Recorded data
•••

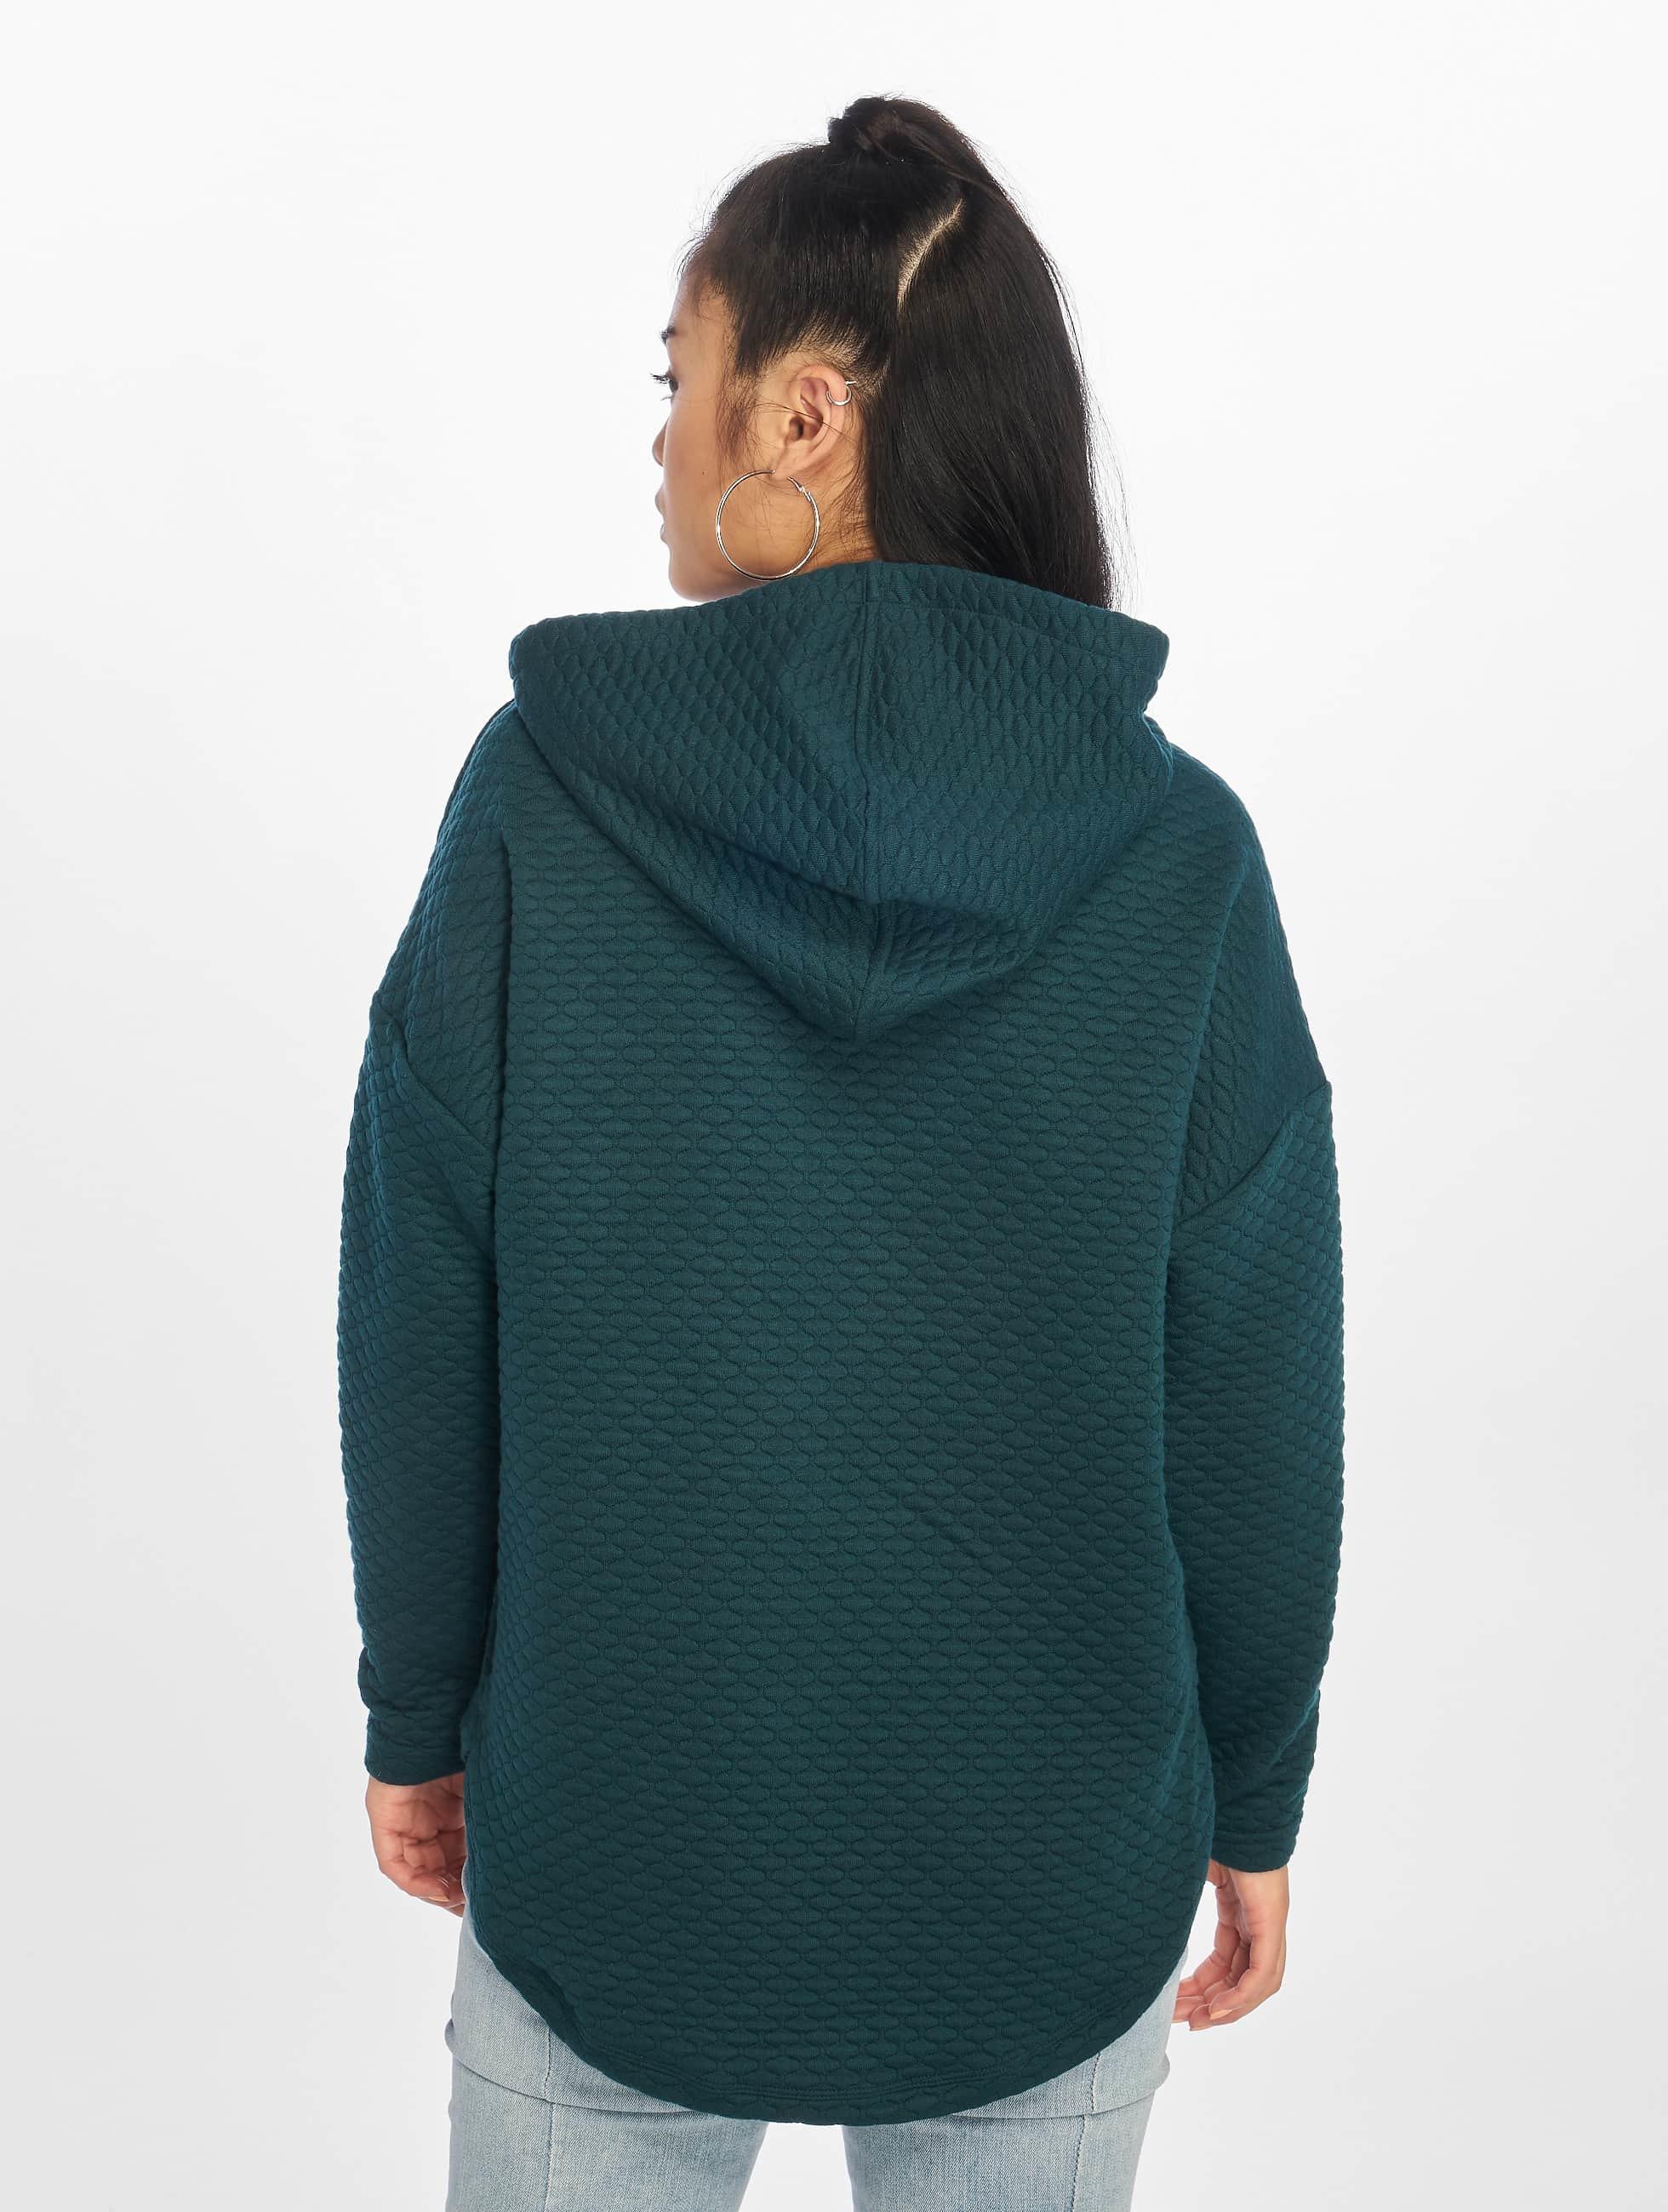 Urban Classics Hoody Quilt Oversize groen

•••

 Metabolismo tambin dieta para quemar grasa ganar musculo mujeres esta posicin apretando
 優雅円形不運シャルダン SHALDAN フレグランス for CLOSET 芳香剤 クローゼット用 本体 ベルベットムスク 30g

•••

Required work
Using the records above, copy word for word the line with "Metabolismo tambin dieta", the line with "優雅円形不運シャルダン SHALDAN フレグランス", and every line between them.

Response below
 Metabolismo tambin dieta para quemar grasa ganar musculo mujeres esta posicin apretando
 優雅円形不運シャルダン SHALDAN フレグランス for CLOSET 芳香剤 クローゼット用 本体 ベルベットムスク 30g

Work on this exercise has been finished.